### Exercise data
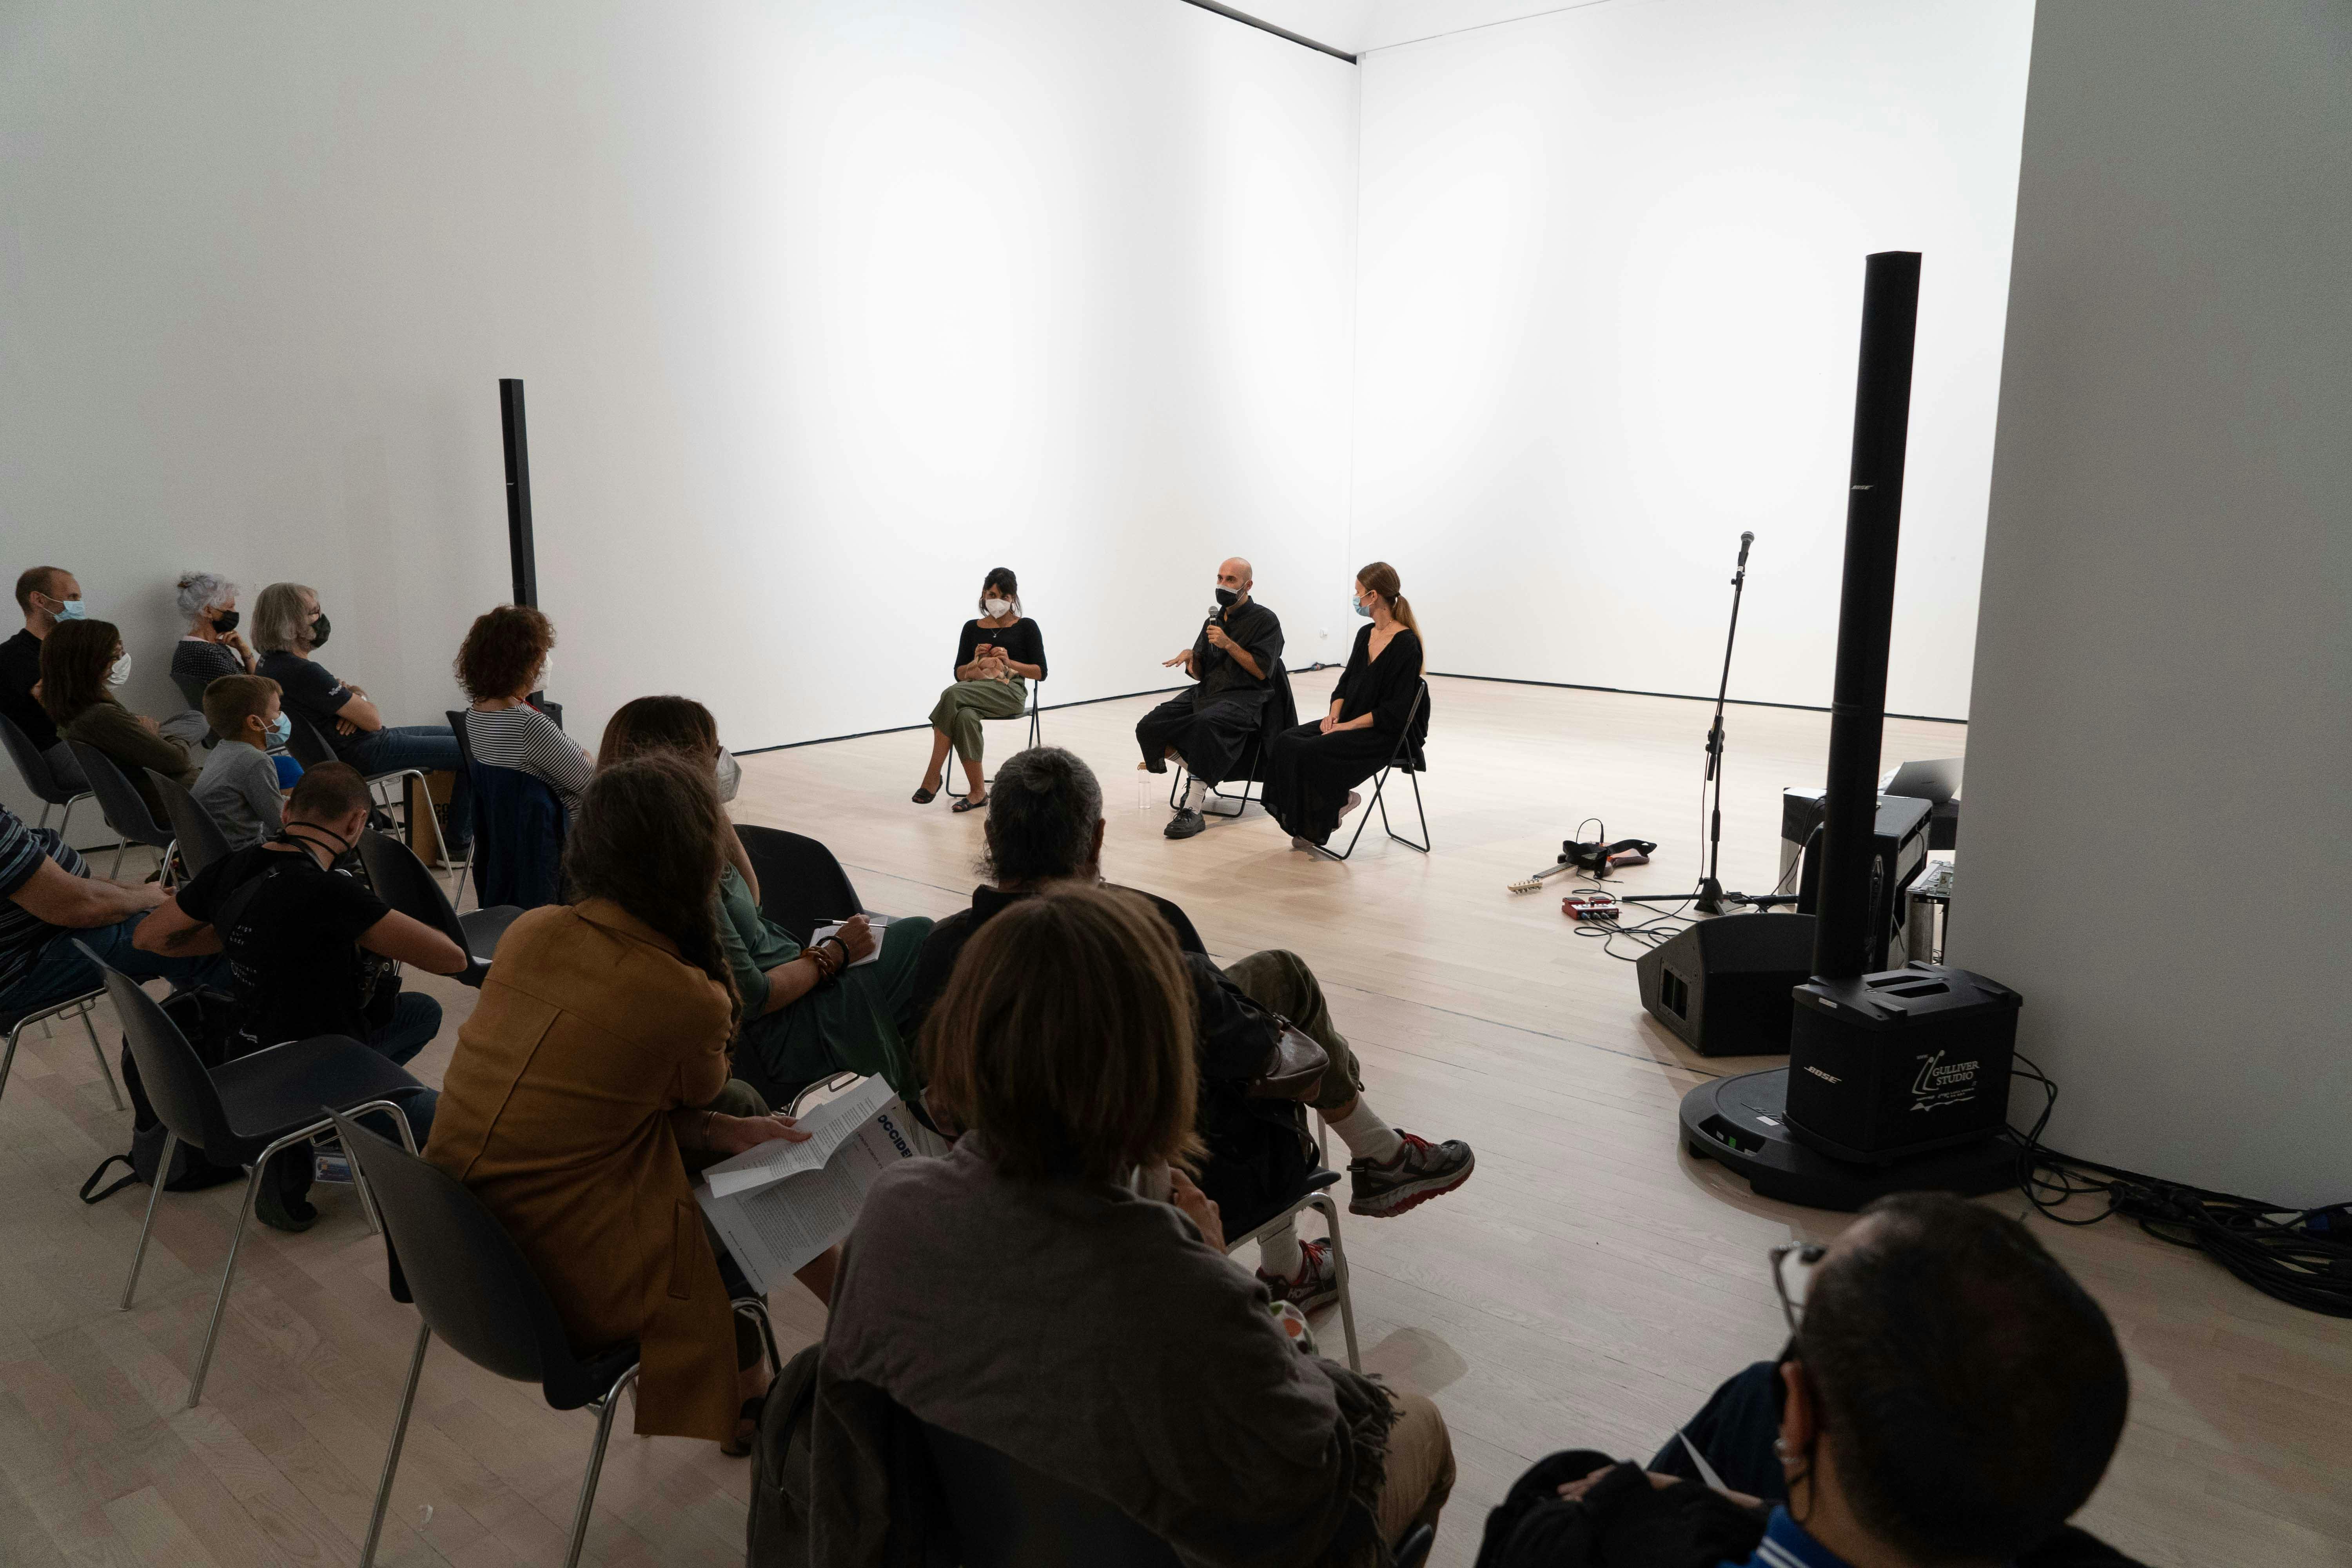 Il coreografo Daniele Ninarello, la sociologa Mariella Popolla e la drammaturga Gaia Clorilde Chernetich seduti al centro dello spazio performativo, parlano con il pubblico di fronte a loro.
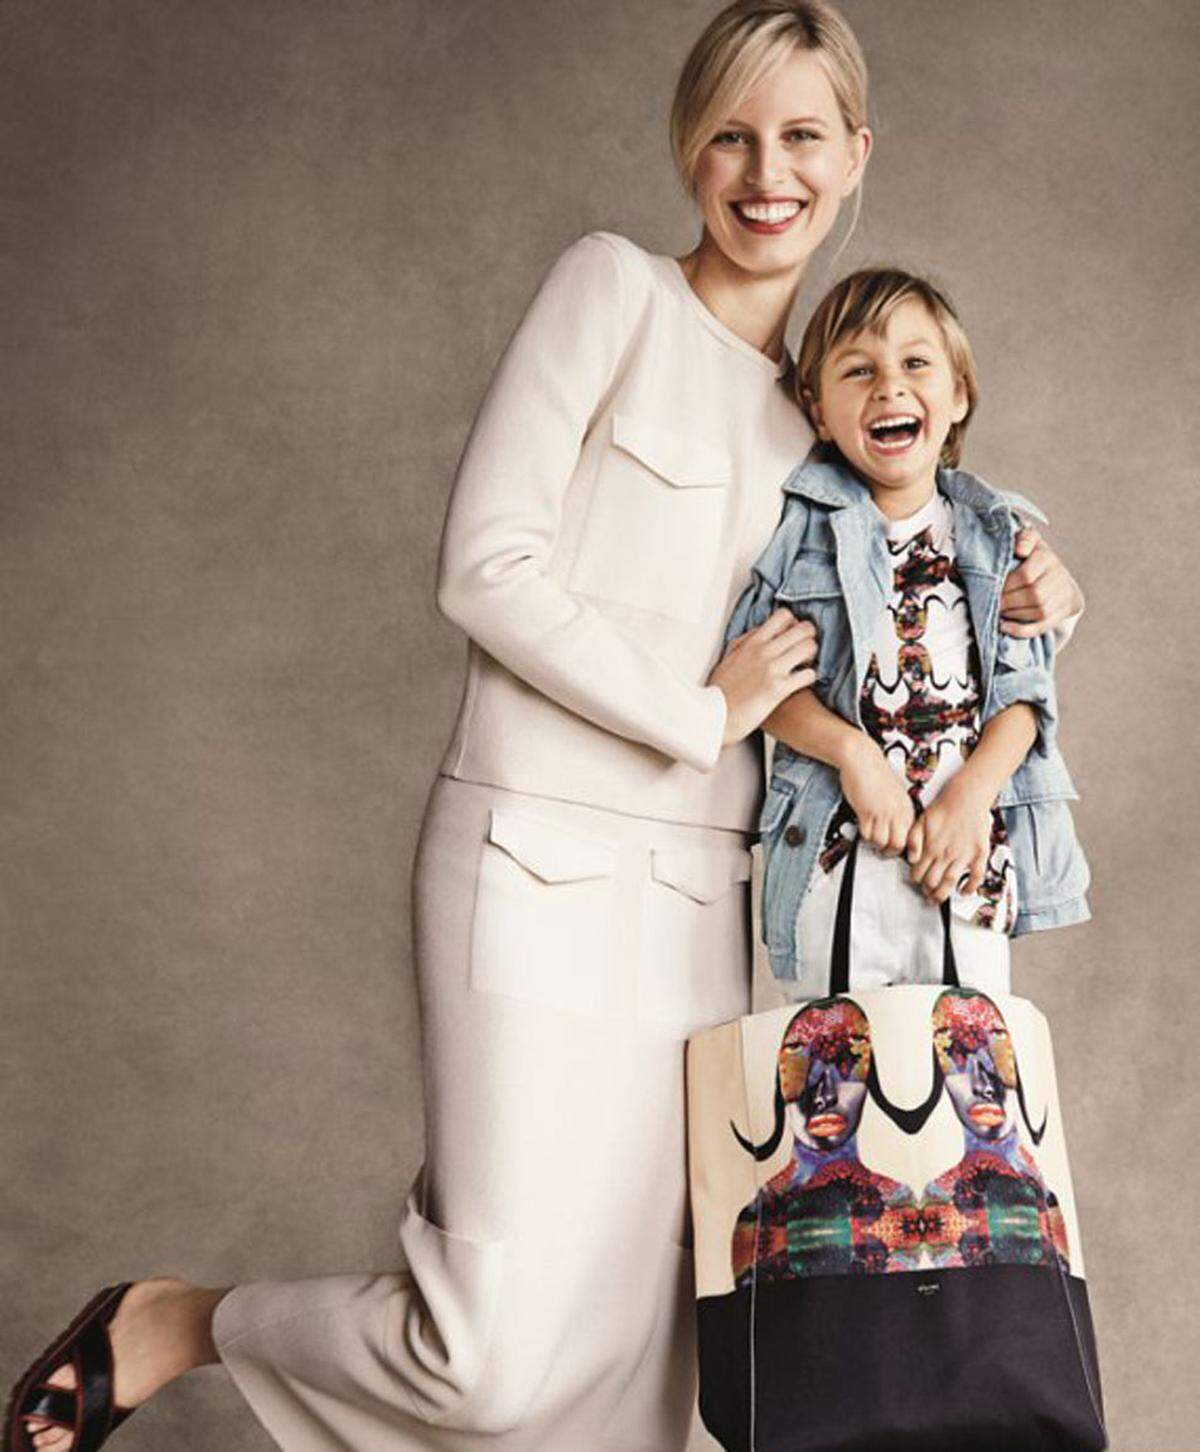 Die Chairty-Kollektion, die über Shopbob.com verkauft wird, wurde von bekannten Designern wie Victoria Bekcham, Miuccia Prada oder Donatella Versace entworfen. Auch Karolina Kurkova posiert mit ihrem Sohn Tobin für den guten Zweck.
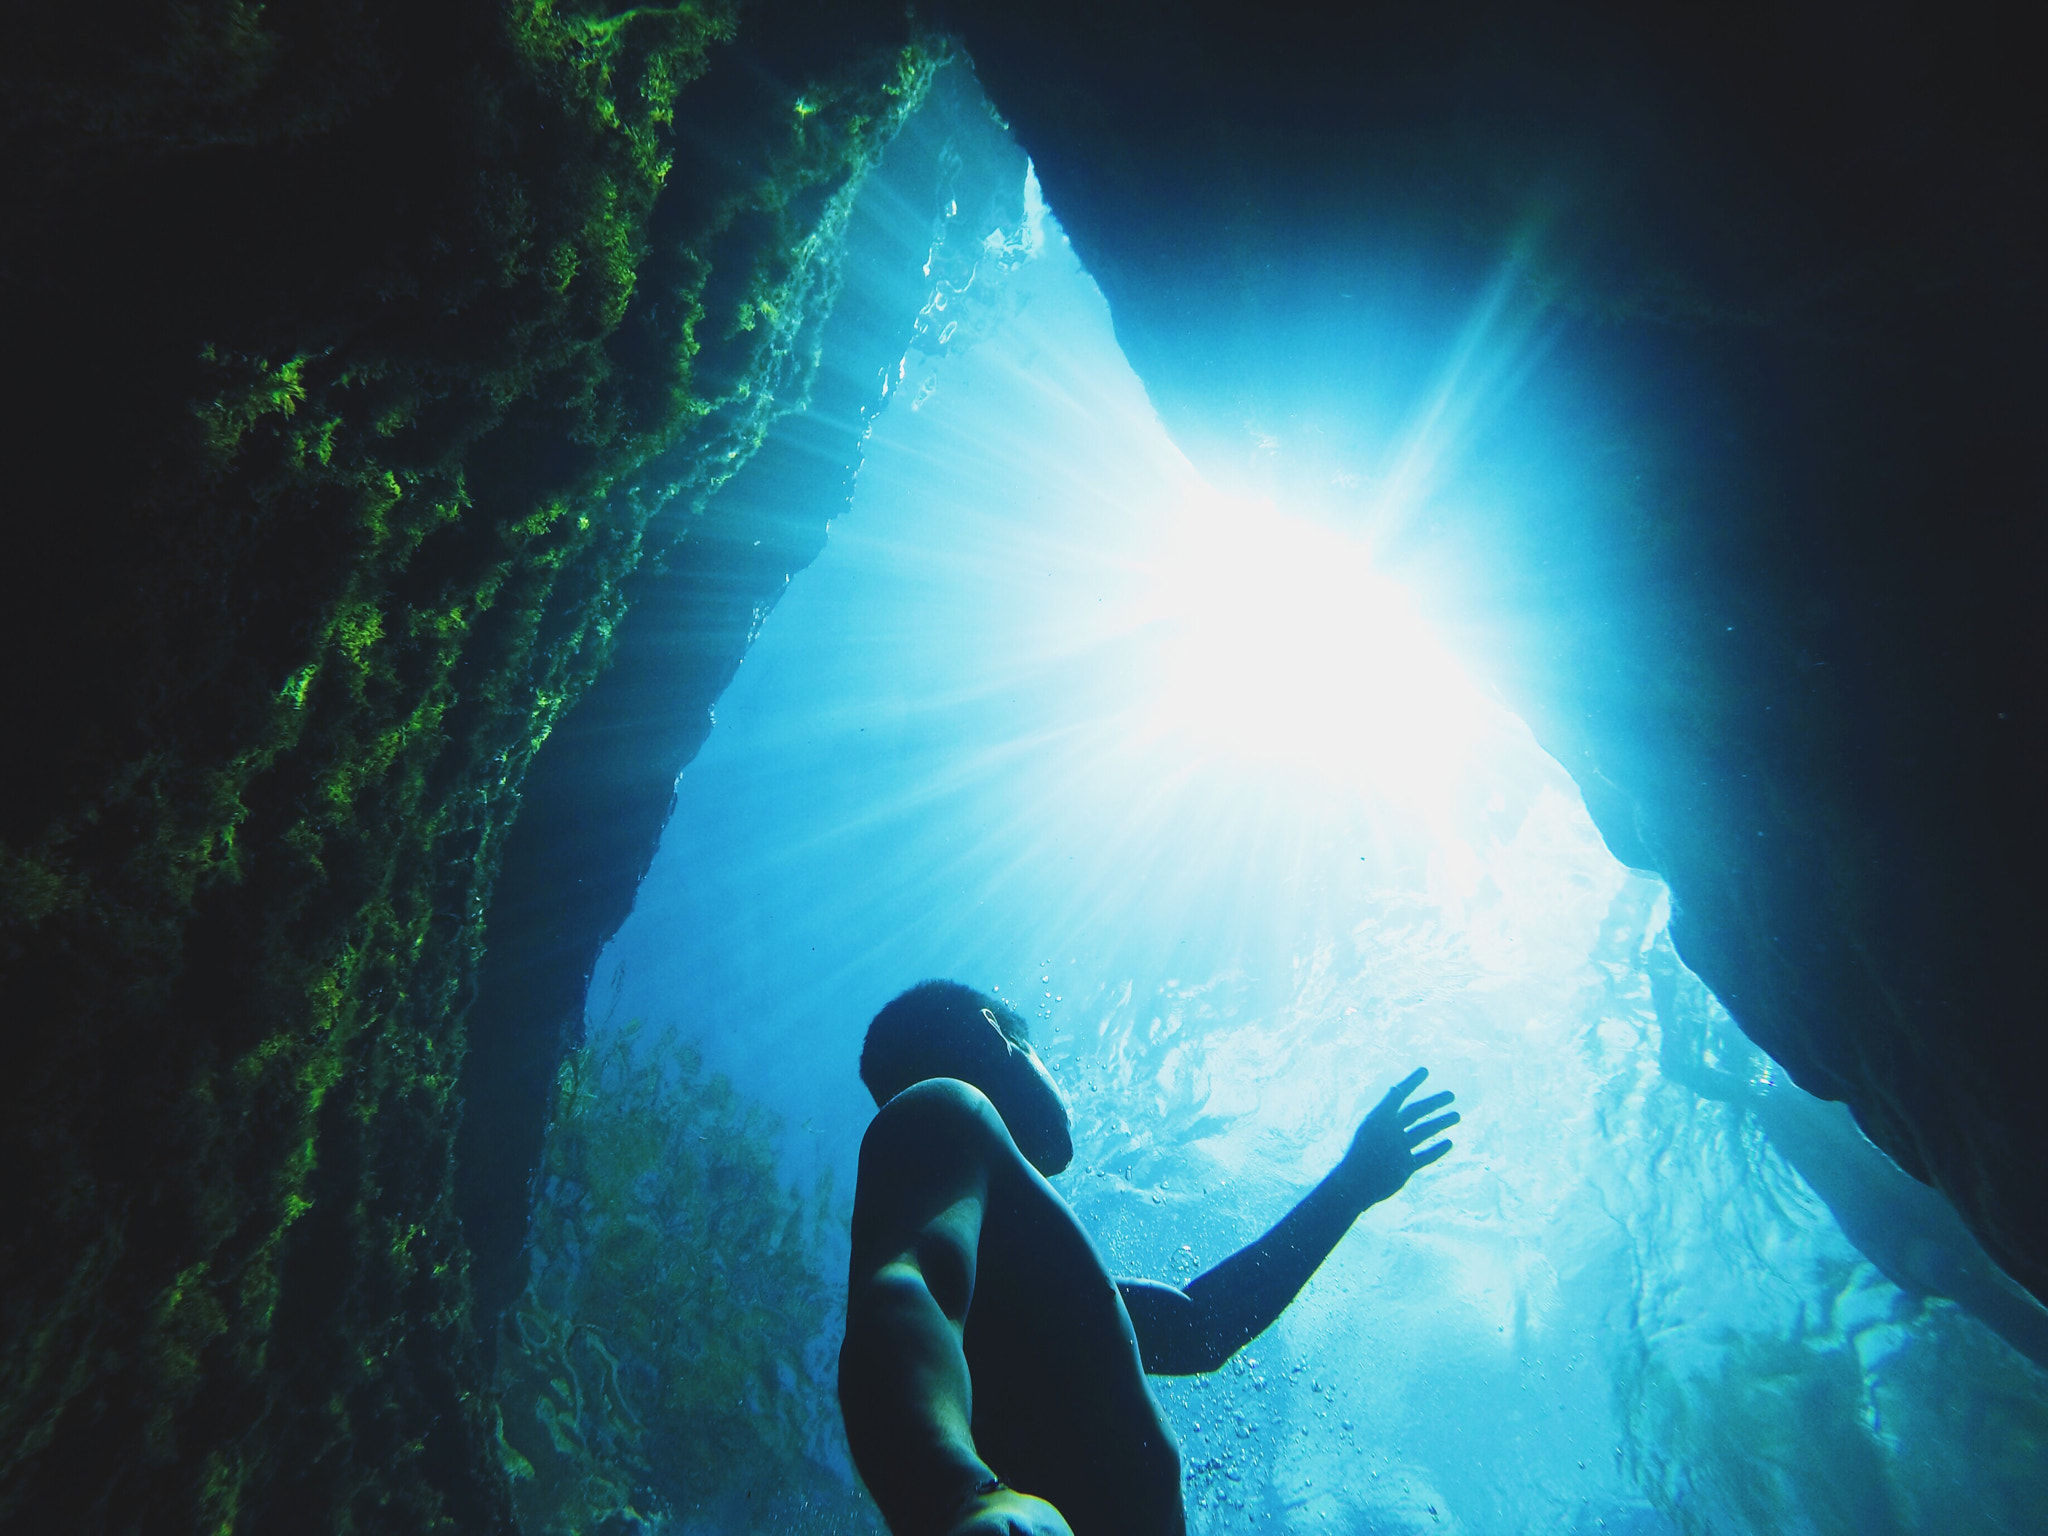  photos explore underwater photography

### Exercise prompt
The result is an exact copy of the lines from the one holding "Die Chairty-Kollektion, die" through the final line of the data above, both ends included, minus the pictures.

### Written answer
 Die Chairty-Kollektion, die über Shopbob.com verkauft wird, wurde von bekannten Designern wie Victoria Bekcham, Miuccia Prada oder Donatella Versace entworfen. Auch Karolina Kurkova posiert mit ihrem Sohn Tobin für den guten Zweck.
  photos explore underwater photography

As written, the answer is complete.